The new version brings two changes to the requirements. The application is only 64-bit now, and it only supports the full OpenGL version 4.6 API (which has been current for more than five years).

Startup and Control

Although it is a graphics program, Monkey Hi Hat doesn’t have a graphical interface – at least, not as part of the application itself. There is a stand-alone remote-control GUI, Monkey Droid, which runs on Windows 10/11 or Android. It can control a PC running Monkey Hi Hat over the local network. Binaries are available on the Monkey Hi Hat release page linked earlier. You can also issue commands via an SSH terminal session (refer to the repository wiki if you need help setting this up).

OpenGL and OpenAL interaction is achieved through native-library wrappers provided by the OpenTK library. That library also wraps the cross-platform GLFW (OpenGL Framework for Windowing) native-libraries. Monkey Hi Hat is technically a console program and windowing is managed by GLFW.

Like all .NET console applications, the static Program class is home to the main() entrypoint. The class also exposes to very important fields: AppConfig and AppWindow. It was necessary to read configuration fairly early in the app lifecycle, so there was little harm in exposing it in this very basic fashion. The window object has to be created, started, and disposed by the main console loop, so it also made sense to make it readily available in this way.

The main() method performs the following tasks:

  • Loads the configuration file (mhh.conf, or mhh.debug.conf in VS debug mode)
  • Initalizes logging via Serilog
  • Tries to pass any command-line switches to a running instance via CommandLineSwitchPipe
  • Sets up a command-line switch server if a running instance isn’t found
  • Prepares eyecandy’s audio and visual configuration objects
  • Creates the HostWindow object and invokes the Run() method and blocks, waiting for exit
  • Performs disposal and other cleanup tasks like cancelling tokens to end background threads

Log output goes to mhh.log in the application directory by default. Each new run will overwrite any previous log. You can control the log levels in the mhh.config file. The program can be fairly “chatty” at anything settings lower than Warning or Error.
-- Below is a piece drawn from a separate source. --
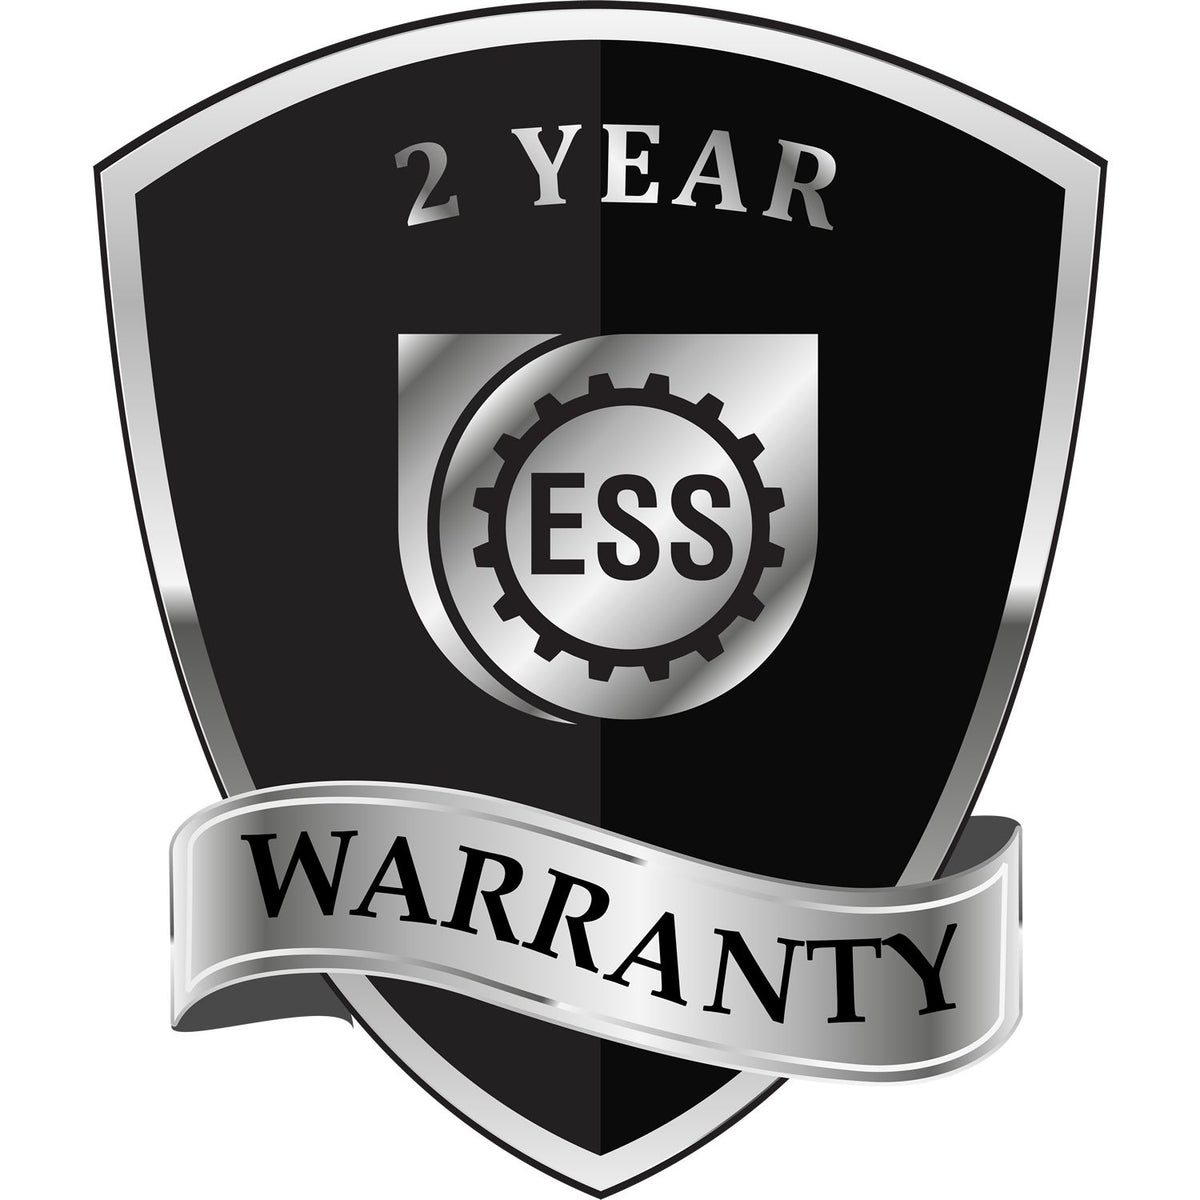 A black and silver badge or emblem showing warranty information for the Hybrid South Dakota Architect Seal
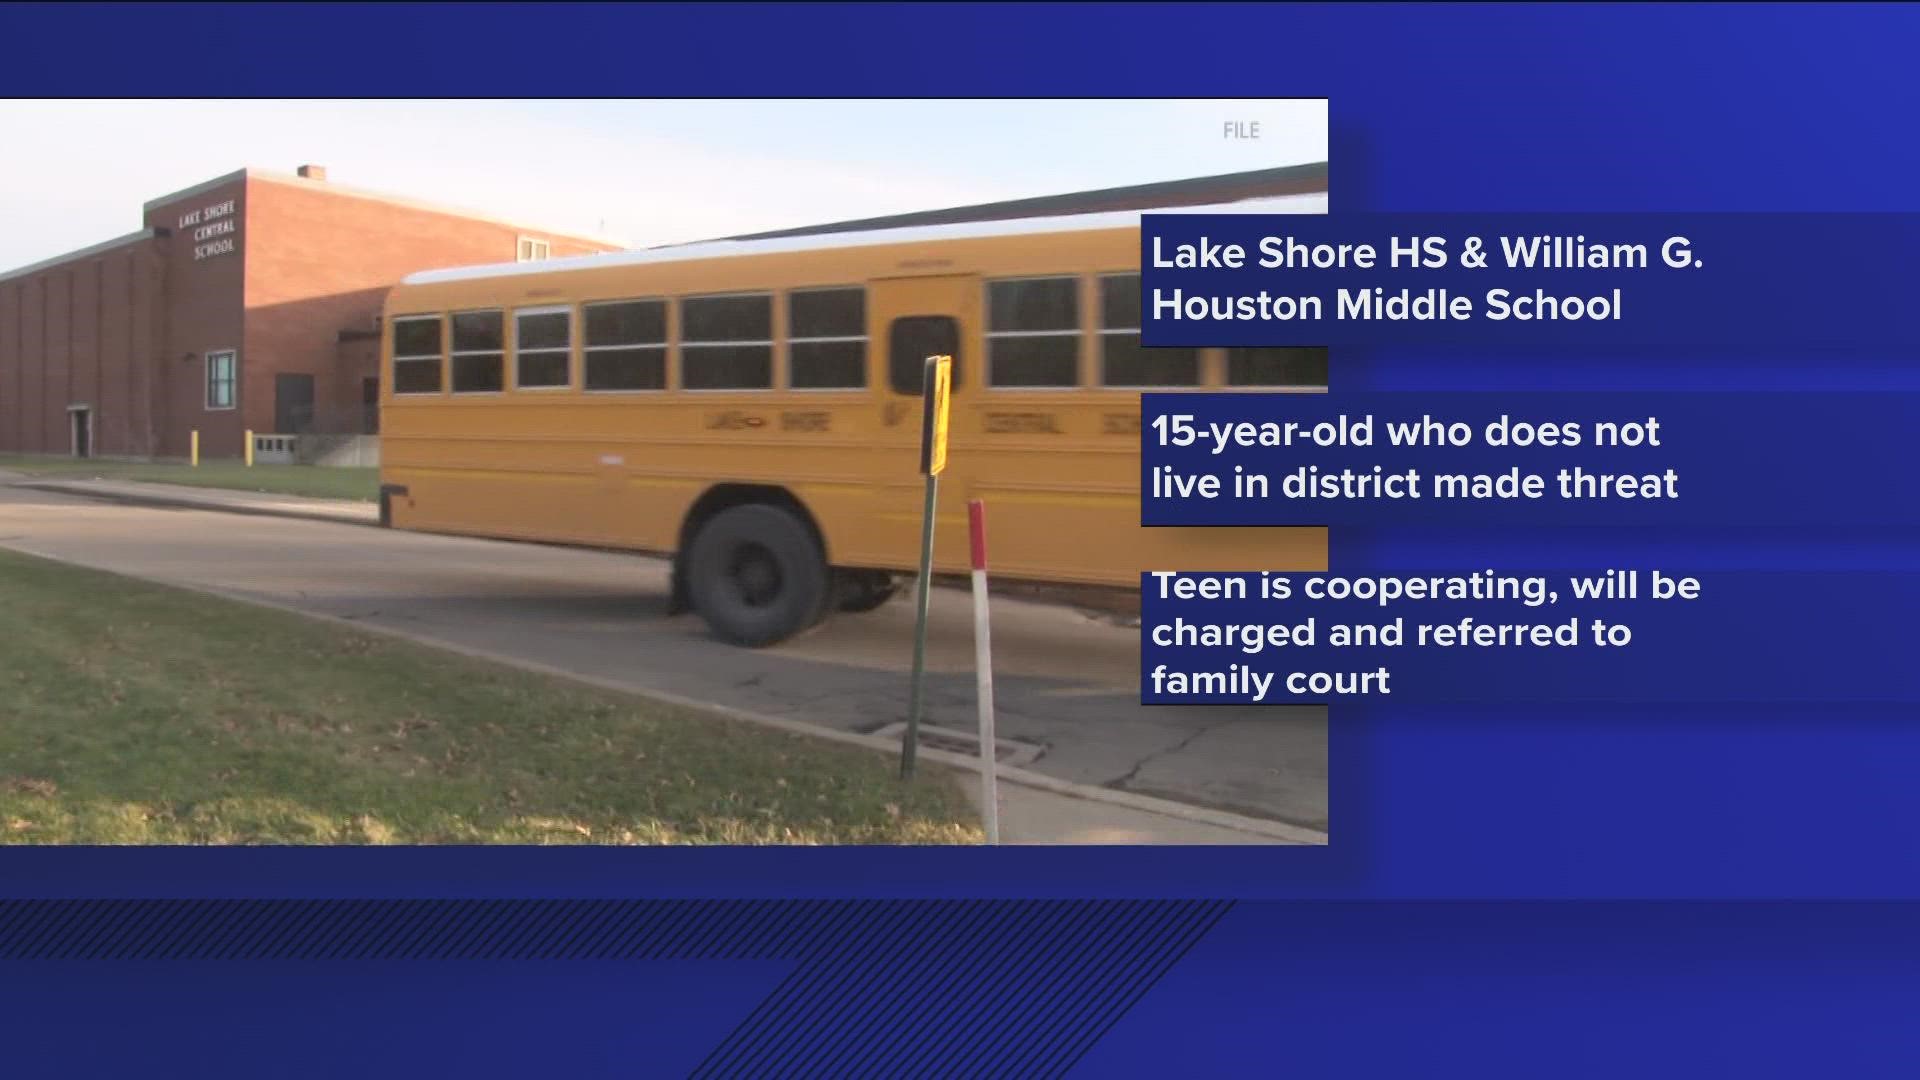 Police say a 15-year-old who does not live in the Lake Shore Central School District made the threat.

The Program class is also home to several simple helper functions, most of which are used by the ProcessExecutionSwitches method, which receives commands at runtime via named pipe or TCP from the command-line switch server. I won’t go into the commands here (you can read about them on the repository wiki), but they allow the user to load new playlists or visualizers, retrieve content lists and status information, and so on.

It is important to remember that these will be invoked on a separate thread (where the command-line switch server is running), which means some of the operations that interact with HostWindow must be handled in a thread-safe fashion.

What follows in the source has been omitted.